Introduction to Exadata
The nodes run the Oracle Clusterware, the ASM instances, and the database instances. You may decide to create just one cluster or multiple ones. Similarly you may decide to create a single database on the cluster or multiple ones. If you were to create three databases – dev, int and QA - you would have two choices:
The first option allows you to add and remove instances of a database easily. For instance, with 8 nodes in a full rack, you may assign 2 nodes to dev, 2 to int, and 4 to QA. Suppose a full-fledged production stress test is planned and that temporarily needs all 8 nodes in QA to match 8 nodes in production. In this configuration, all you have to do is shut down the dev and int instances and start the other four instances of QA on those nodes. Once the stress test is complete, you can shut down those 4 QA instances and restart the dev and int instances on them.
If you run multiple production databases on a single rack of Exadata, you can still take advantage of this technique. If a specific database needs additional computing power temporarily to ride out a seasonal high demand, just shut down one instance of a different database and restart the instance of the more demanding one in that node. After the demand has waned, you can reverse the situation. You can also run two instances in the same node but they will compete for the resources – something you may not want. At the I/O level, you can control the resource usage by the instances using the IO Resource Manager (IORM).

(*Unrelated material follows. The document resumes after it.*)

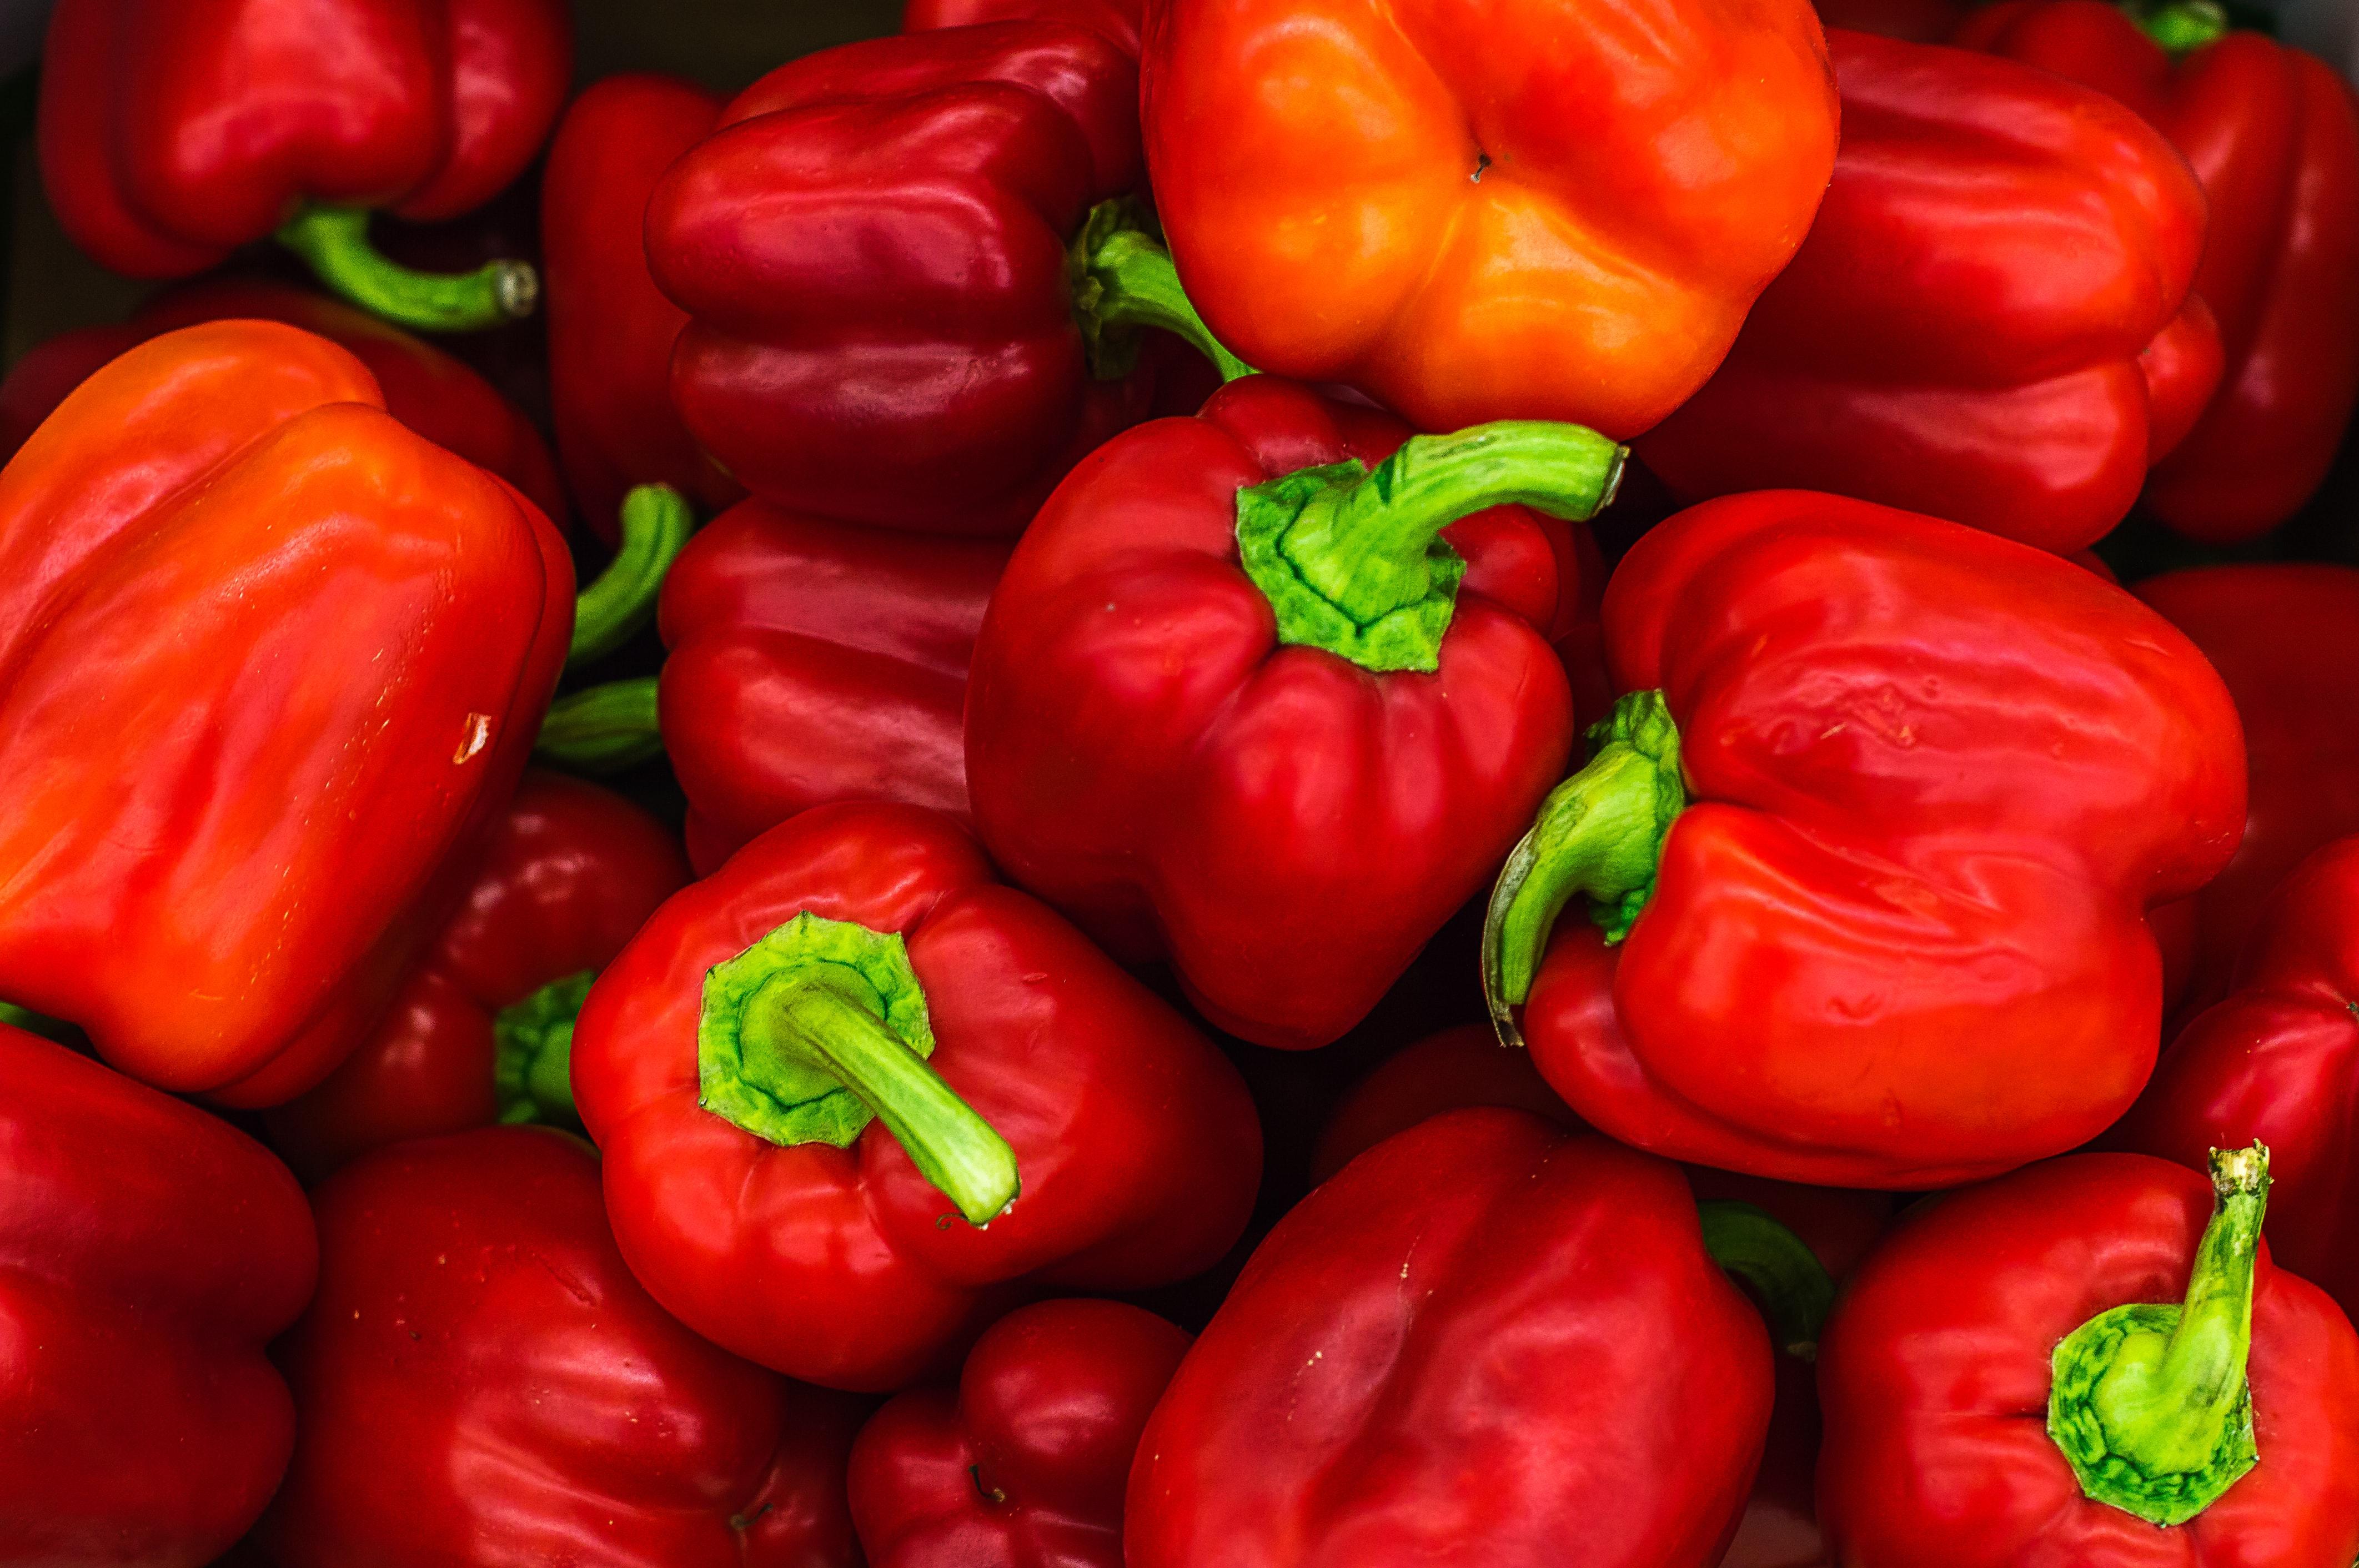 vitolda-klein-OVBiRdLWFJM-unsplash red peppers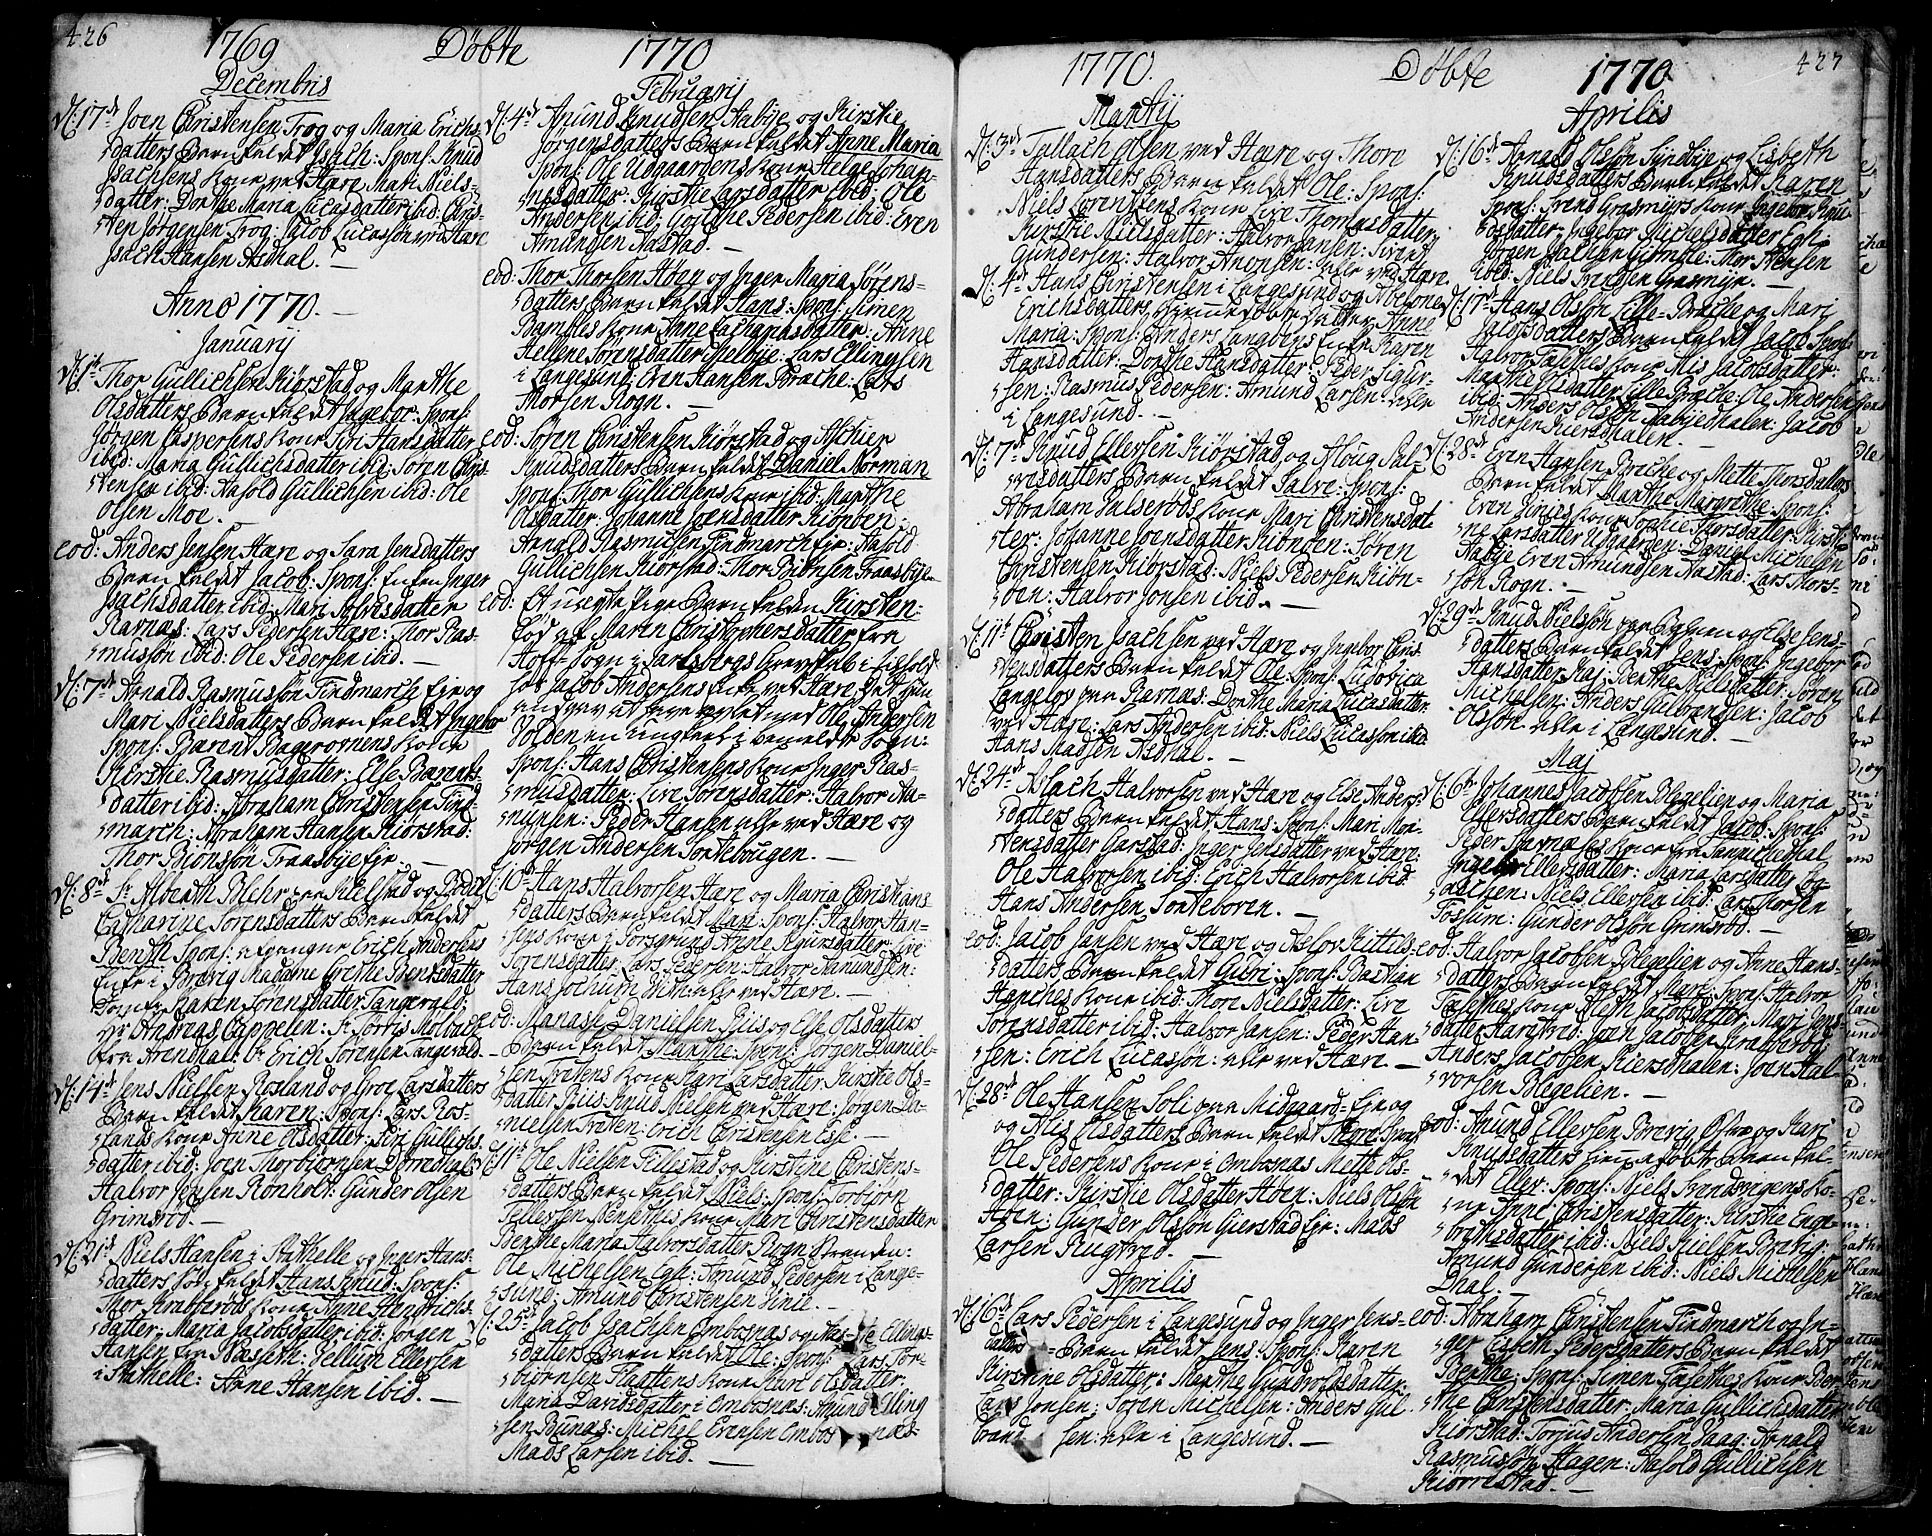 SAKO, Bamble kirkebøker, F/Fa/L0001: Ministerialbok nr. I 1, 1702-1774, s. 426-427

On the other hand, with this option, you are still on just one cluster. When you upgrade the cluster, all the databases will need to be upgraded. The second option obviates that; there are individual clusters for each database – a complete separation. You can upgrade them or manipulate them any way you want without affecting the others. However, when you need additional computational power for other nodes, you can’t just start up an instance. You need to remove a node from that cluster and add the node to the other cluster where it is needed – an activity more complex compared to the simple shutdown and startup of instances.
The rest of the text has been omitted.